Inflation plunged to 2.2%, in line with forecasts and down from July's 2.6%. The news came as Germany and Spain both reported bigger than expected reductions on Thursday.
Economists expect a quarter-point cut in the ECB's benchmark interest rate to 3.5% when policy makers meet on September 12. The ECB cut rates by the same margin in June as inflation moves towards the central bank's 2% target.
"For the ECB these data are broadly in line with the June expectations for the third quarter on the headline, but core inflation is looking somewhat stronger than the central bank expected. Still, we think a rate cut by the ECB in two weeks' time is a decent bet," said Melanie Debono, senior Europe economist at Pantheon Macroeconomics.

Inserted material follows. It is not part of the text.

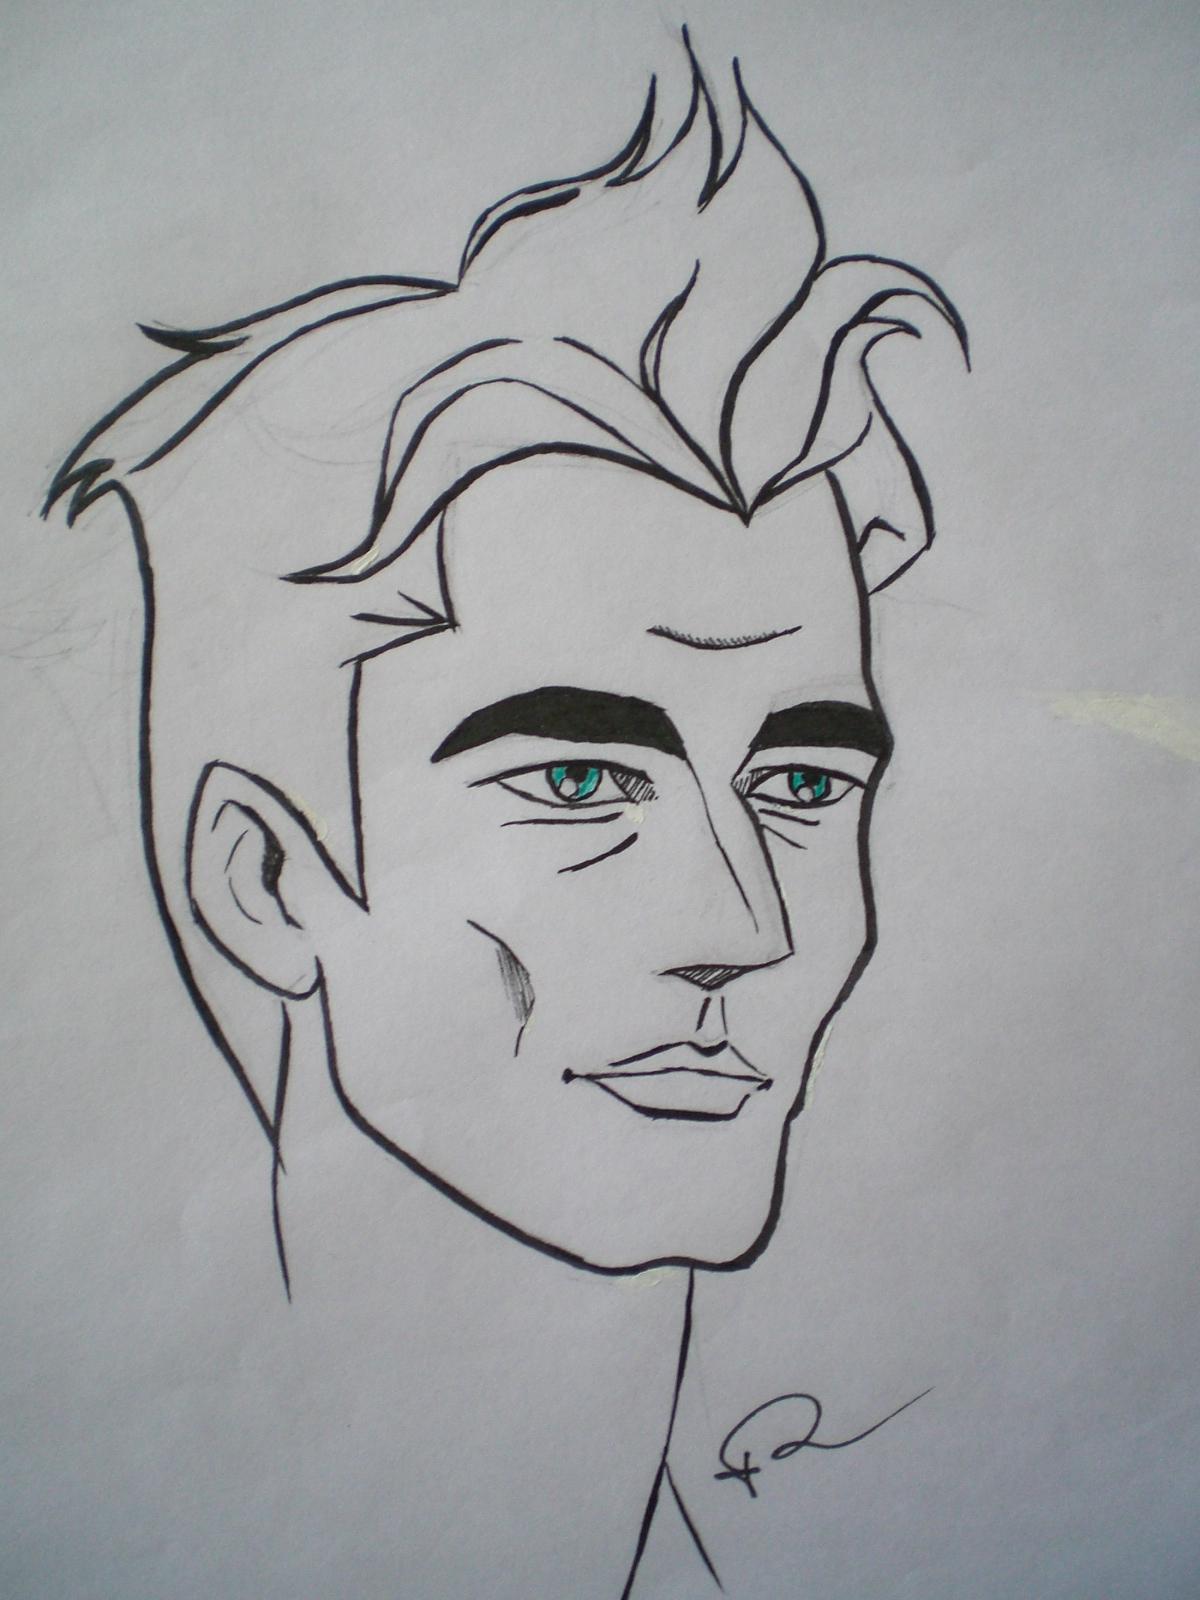 disegni a matita facili da fare

"Eurozone inflation is now just a touch above target, making it difficult for the bank to justify its current extremely restrictive monetary stance. Interest rates were raised to their current level when inflation was over 5% last year and wage growth figures are rolling over."
Services inflation was still higher in August at 4.2%, compared with 4.0% in July, followed by food, alcohol & tobacco at 2.4%, from 2.3%, non-energy industrial goods, 0.4%, compared with 0.7% and energy -3.0% from 1.2%.
However, in a separate release, eurozone unemployment also fell slightly unexpectedly to 6.4% from 6.5%, which may cause concerns that labour shortages could lead to inflationary pressures.